> _PROBLEM DESCRIPTION_
Your response should consist of the entire listing, transcribed exactly, with every image left out.

> _INPUT DATA_

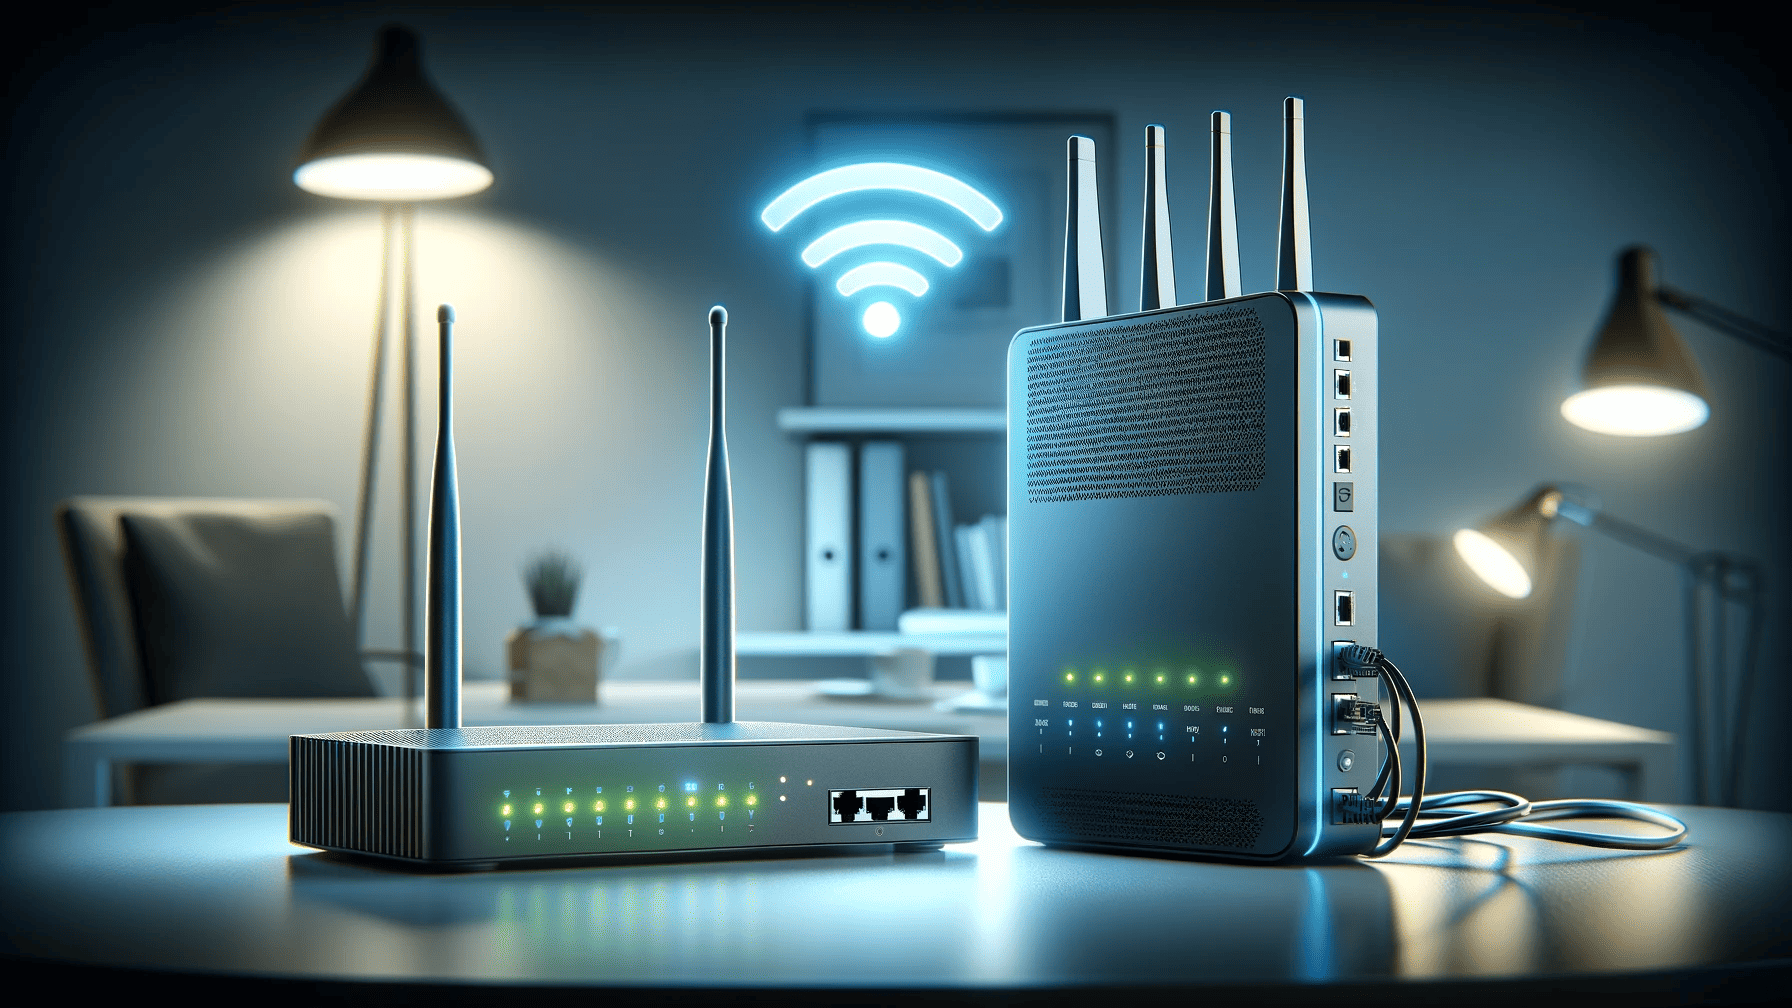 Wireless Access Point vs Wi-Fi Router 
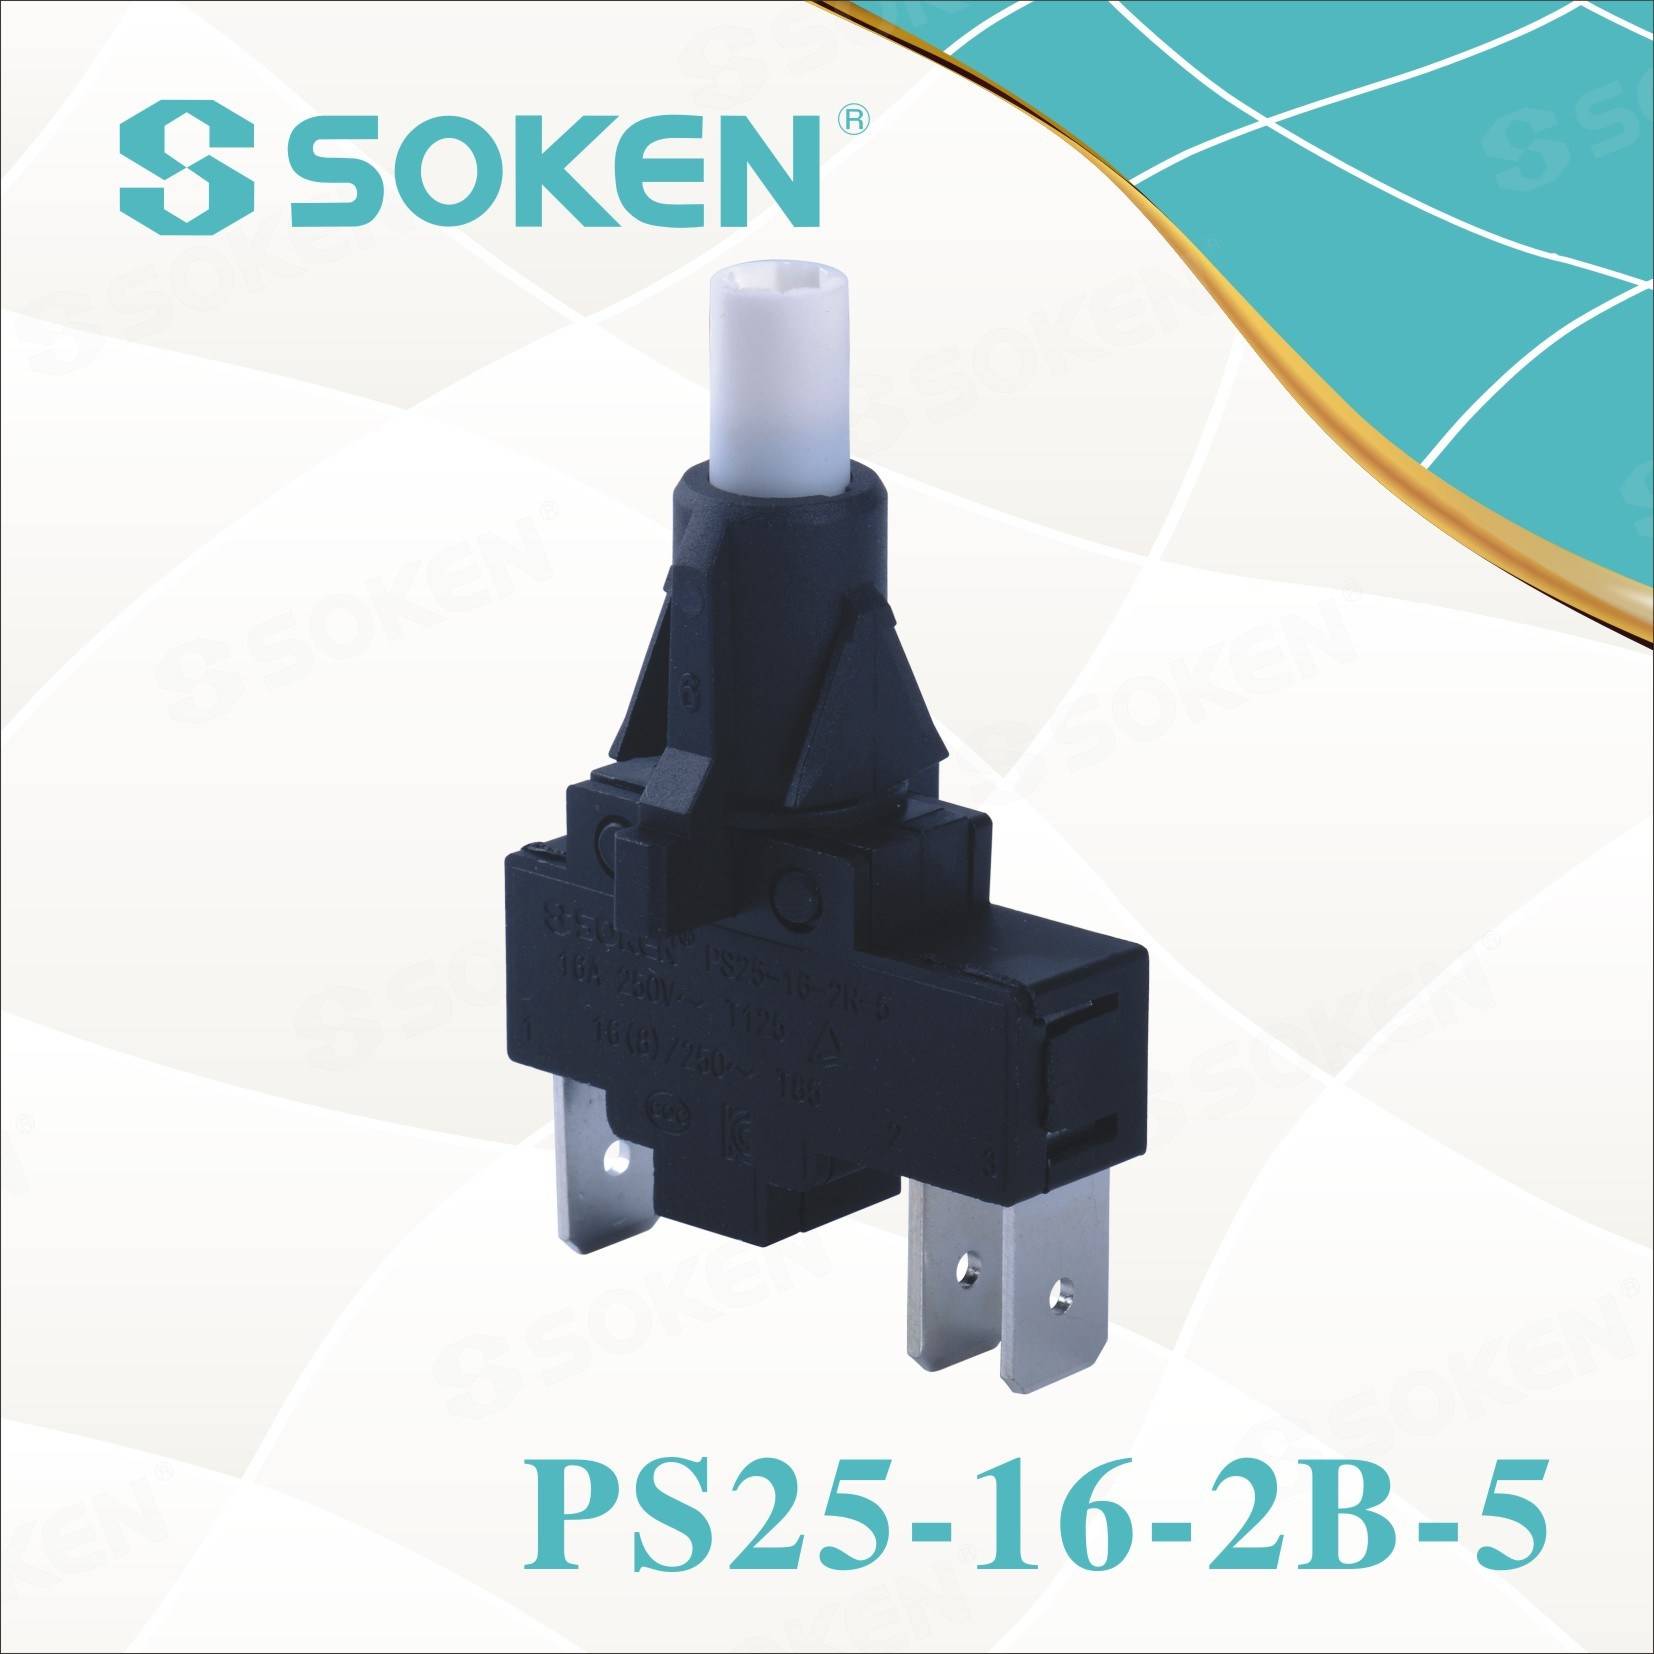 China Gold Supplier for Tactile Switch Led -
 Soken Push Button Switch PS25-16-2b-5 – Master Soken Electrical
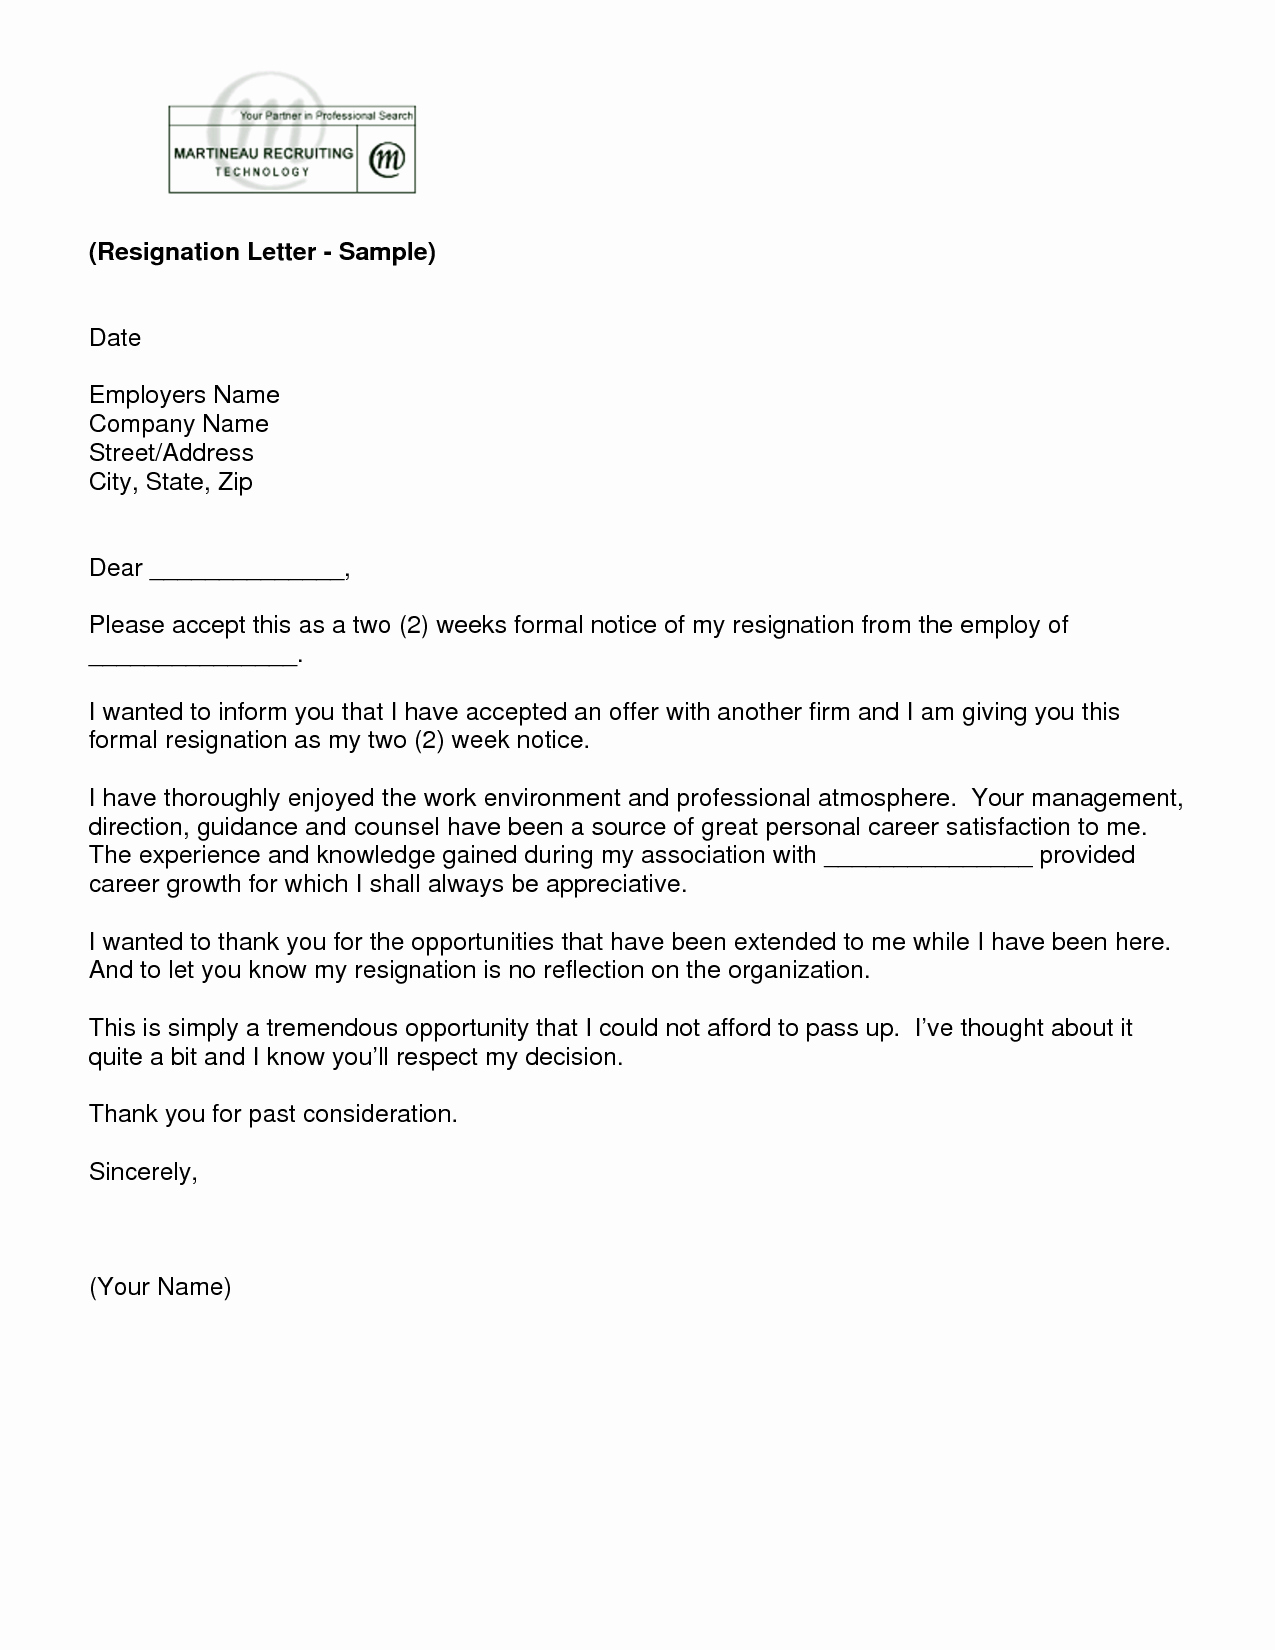 Professional Letter Of Resignation Unique Letter Of Resignation 2 Weeks Notice Template

> _RESPONSE TO THIS EXERCISE_
 Wireless Access Point vs Wi-Fi Router 
 China Gold Supplier for Tactile Switch Led -
 Soken Push Button Switch PS25-16-2b-5 – Master Soken Electrical
 Professional Letter Of Resignation Unique Letter Of Resignation 2 Weeks Notice Template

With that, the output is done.